Absolute lymph flux rates varied with lymph sac injection site (P<0.0001, two-way ANOVA). The linear regression with time of Evans Blue (mean R²=0.87) and absolute lymph flux rates (0.8±0.07 ml kg^–1 min^–1) were greatest with Evans Blue injections into the subvertebral lymph sac compared with femoral (P<0.001), crural (P<0.001) and brachial lymph sacs (P<0.0001, Fig. 3). Injection volume did not influence lymph flux rates in any lymph sac, except in the crural lymph sac (P<0.0013). The appearance of Evans Blue varied linearly with time (mean R²=0.70), and the absolute lymph flux rates were the lowest (0.1±0.05 ml kg^–1 min^–1) in the brachial sac. The appearance of Evans Blue following injection into the femoral lymph sac varied with time (mean R²=0.83) and the lymph flux rates (0.65±0.06 ml kg^–1 min^–1), and were not different from the 1% crural lymph sac flux rates (0.56±0.05 ml kg^–1 min^–1) but were greater than the 0.1% crural lymph sac rates (0.15±0.06 ml kg^–1 min^–1). The Evans Blue appearance from crural lymph sac injections varied linearly with time (mean R²=0.73). Lymph flux rates of the crural sacs were proportional to injection volumes, and hence pressure (P<0.013, Fig. 4).

A haemorrhage equivalent to 3% of the initial body mass had no effect (P=0.46, two-way ANOVA) on lymphatic flux rates from the femoral lymph sacs in either control or with the combinations of tendon ablation (Fig. 5); hence, all haemorrhage and control data were included in the subsequent analyses. Control rates of femoral lymph flux were 0.51±0.06 ml kg^–1 min^–1. The ablation of bilateral insertion tendons of the piriformis on the urostyle had no effect on the mean rates of lymphatic return (0.50±0.07 ml kg^–1 min^–1). The same was true of simultaneous ablation of the origin tendons of the abdominal crenator and sphincter ani cloacalis on femoral lymphatic fluxes (0.59±0.12 ml kg^–1 min^–1). By contrast, ablation of the tendons from all three muscles significantly reduced lymphatic flux rates (0.22±0.04 ml kg^–1 min^–1) following femoral sac injections (P<0.01, Fig. 5). The insertion of flexible coils in the subvertebral lymph sac significantly reduced (P<0.0004, Fig. 6) femoral lymph flux rates from 0.54±0.06 to 0.17±0.05 ml kg^–1 min^–1 but not brachial sac fluxes.

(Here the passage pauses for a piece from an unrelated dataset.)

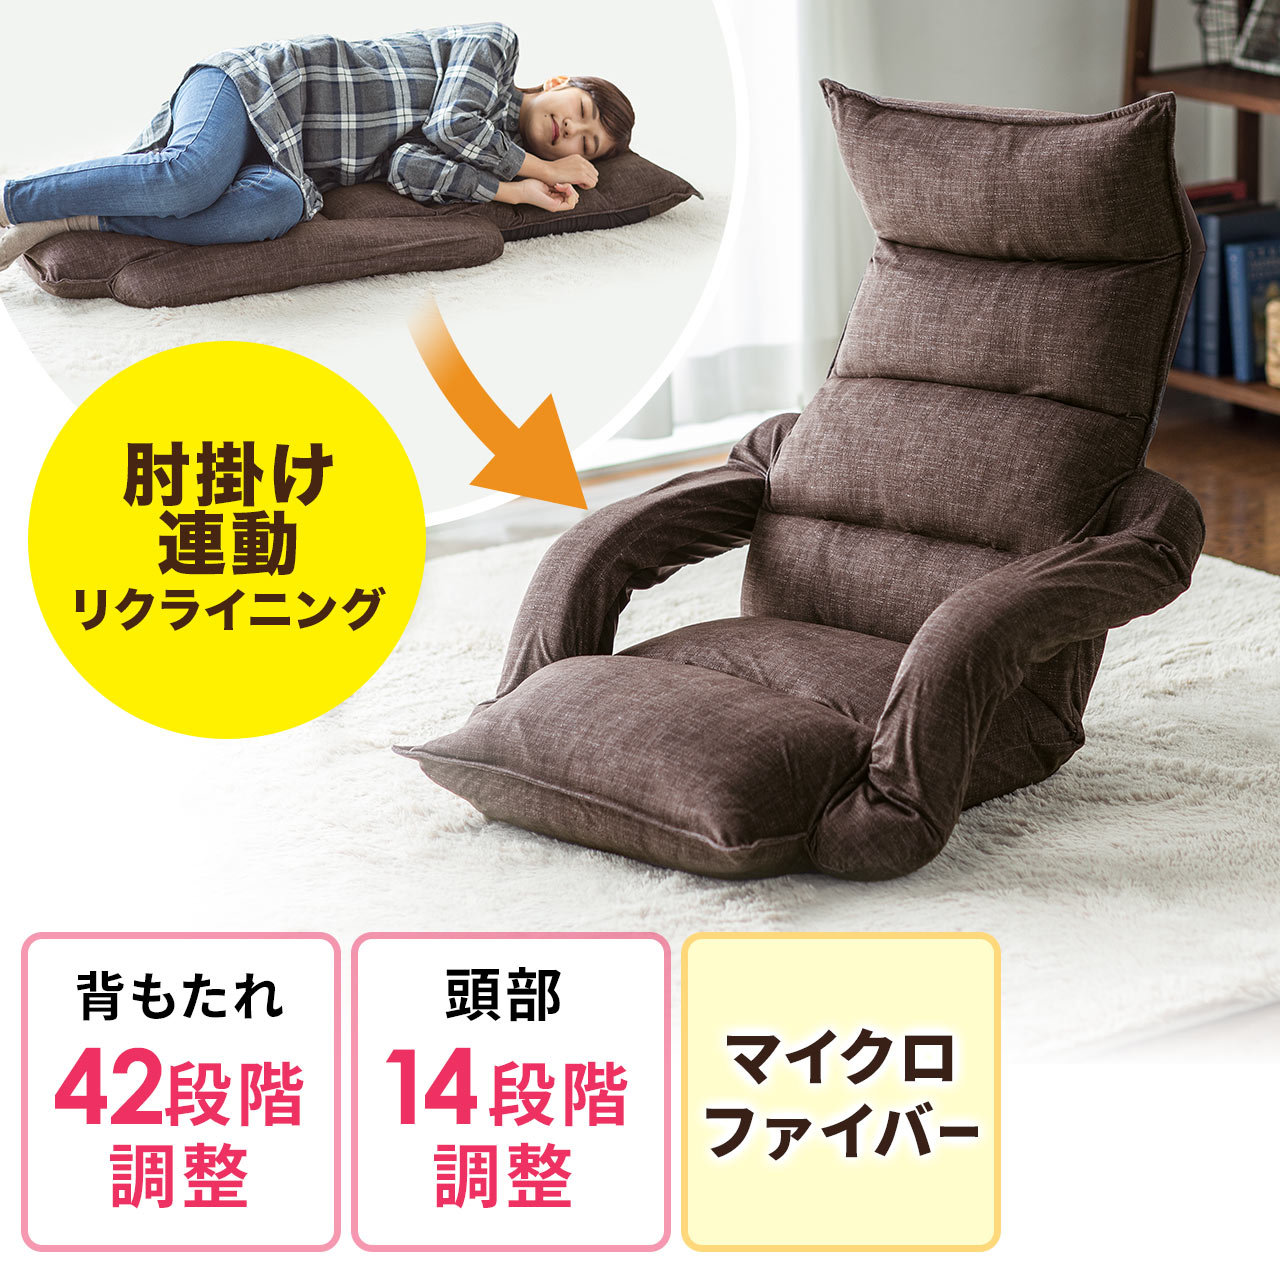 限定品新品数量・日本製座椅子42段階リクライニング背もたれが高めでリラックスできます 座椅子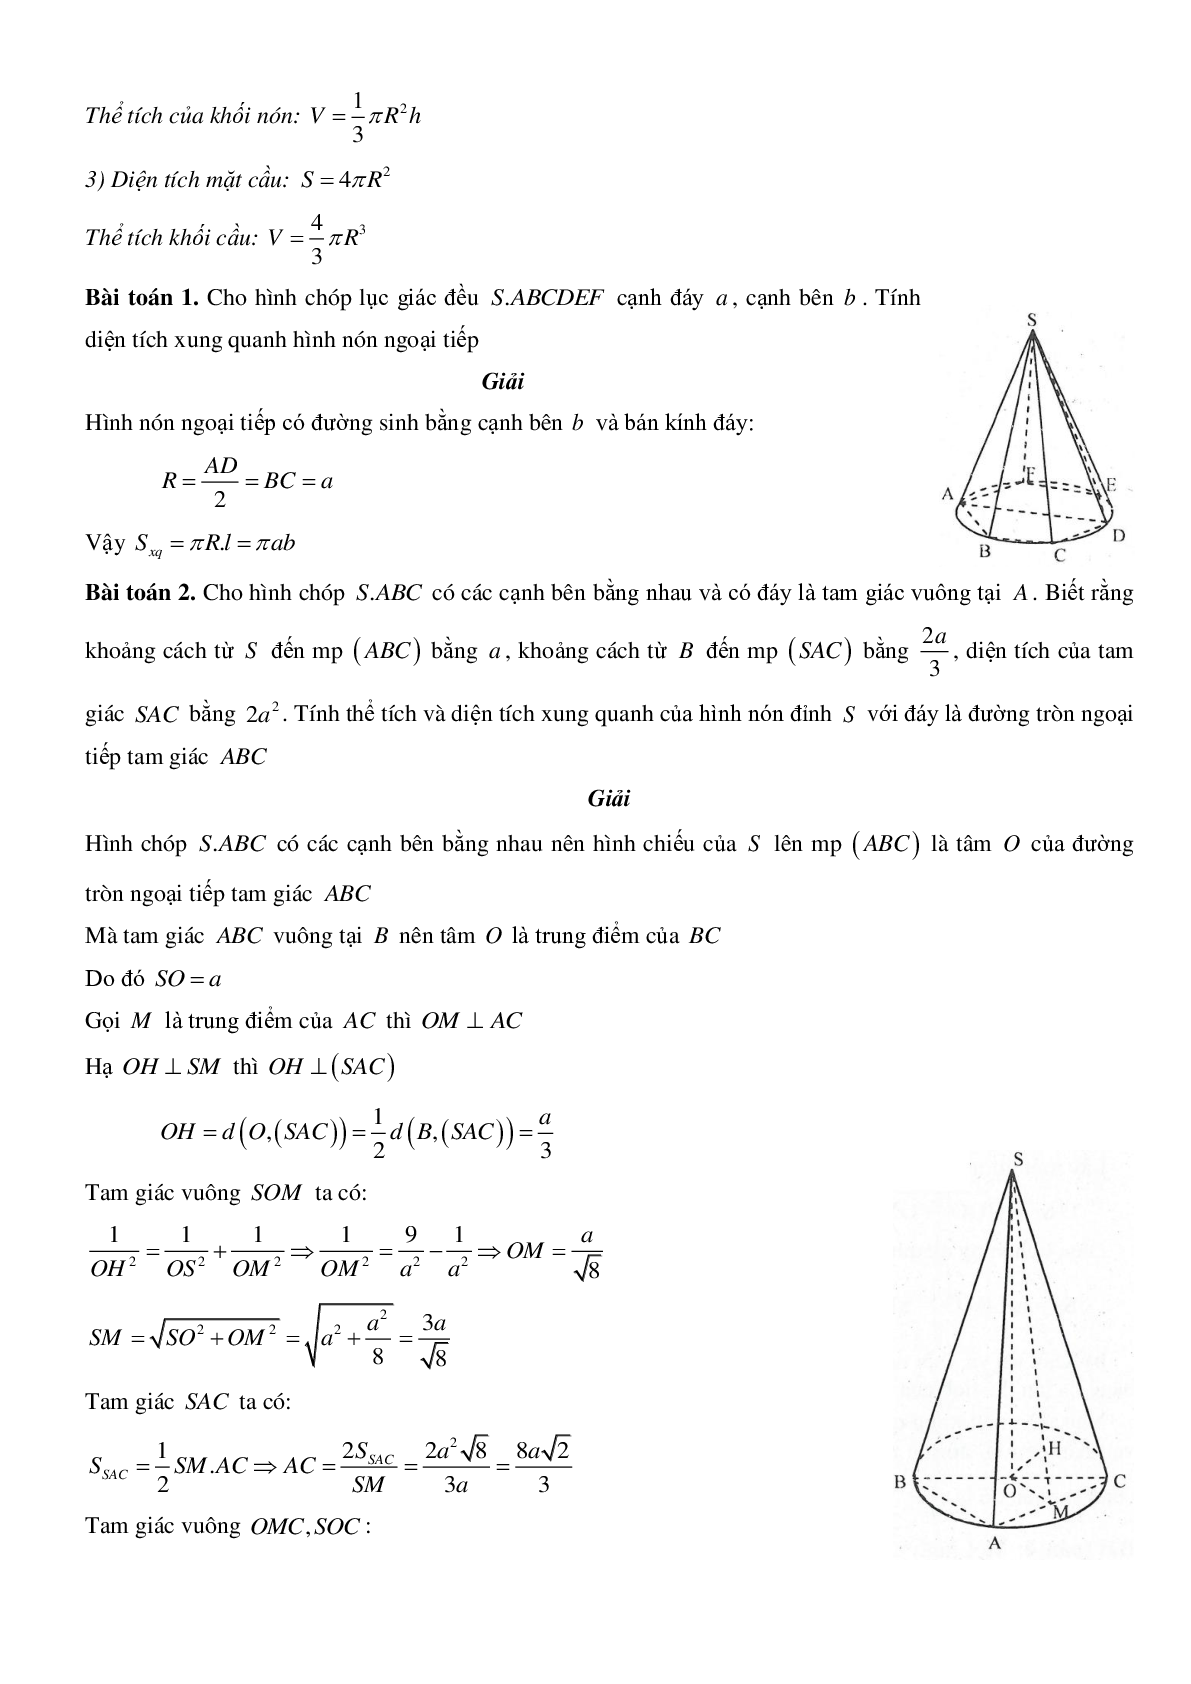 Mặt nón - Hình nón - Khối nón - Ôn thi THPT QG môn toán (trang 7)

The major difficulty in the application of Evans Blue injections into specific lymph sacs to achieve quantitative estimates of a lymphatic volume flux is the estimation of the actual lymphatic Evans Blue concentration that the lymph hearts pump. Previous attempts using Evans Blue dye dilution (Bonetto et al., 1981: Baldwin et al., 1990: Malvin et al., 1995) simply measured the change in plasma Evans Blue concentration with time. This allows a determination of a change in lymph flux but, without an estimate of lymphatic dilution and plasma volume, this cannot provide a quantitative estimate of the lymphatic flux. We used an estimate of 61 ml kg^–1 for plasma volume (Hillman et al., 2010). The apparent lymph dilution volume at 15 min (C₂) was used as the mean concentration of Evans Blue in the lymph. The 15 min time point was approximately the midpoint for the 25–30 min flux determinations.

The lymphatic flux estimates that we report here for subvertebral lymph sac injections (0.5–0.8 ml kg^–1 min^–1) are within the range of previous estimates of lymph flux in toads [0.5 ml kg^–1 min^–1 (Baustian, 1988; Jones et al., 1997); 1.8 ml kg^–1 min^–1 (Hillman et al., 2010)]. Time accounted for 70–87% of the variance in the appearance of Evans Blue in the vasculature, with the highest correlations from the subvertebral sac injections central to both pairs of lymph hearts and the lowest correlation from the injection sites that were from the more peripheral lymph sacs (femoral, brachial and crural). Besides the obvious sources of error associated with measurement and dilution there are two other variables that would preclude absolute correlations with time. The first is that lymph heart rates can vary with time (Priestly, 1878a; Priestly, 1878b). The other is that once Evans Blue-labelled protein enters the circulation, it can escape from the circulatory system back into the lymphatic system. Both of these effects would lead to an underestimate of actual lymphatic fluxes. If we assume that variation in standard curves reflect measurement errors of about 1–2% of the variation with time, then the remaining 10–12% of the variation in subvertebral sac lymph flux with time reflects variation in lymph heart rate and escape of Evans Blue back into the lymphatic system during the measurement period. The potential error is small in proportion to the variance with time. We conclude that the Evans Blue dilution procedure we used provides a repeatable and reliable technique for measuring the rate of lymphatic flux into the circulation from specific lymph sacs in the toad, and the entry into the circulation with time is quite linear.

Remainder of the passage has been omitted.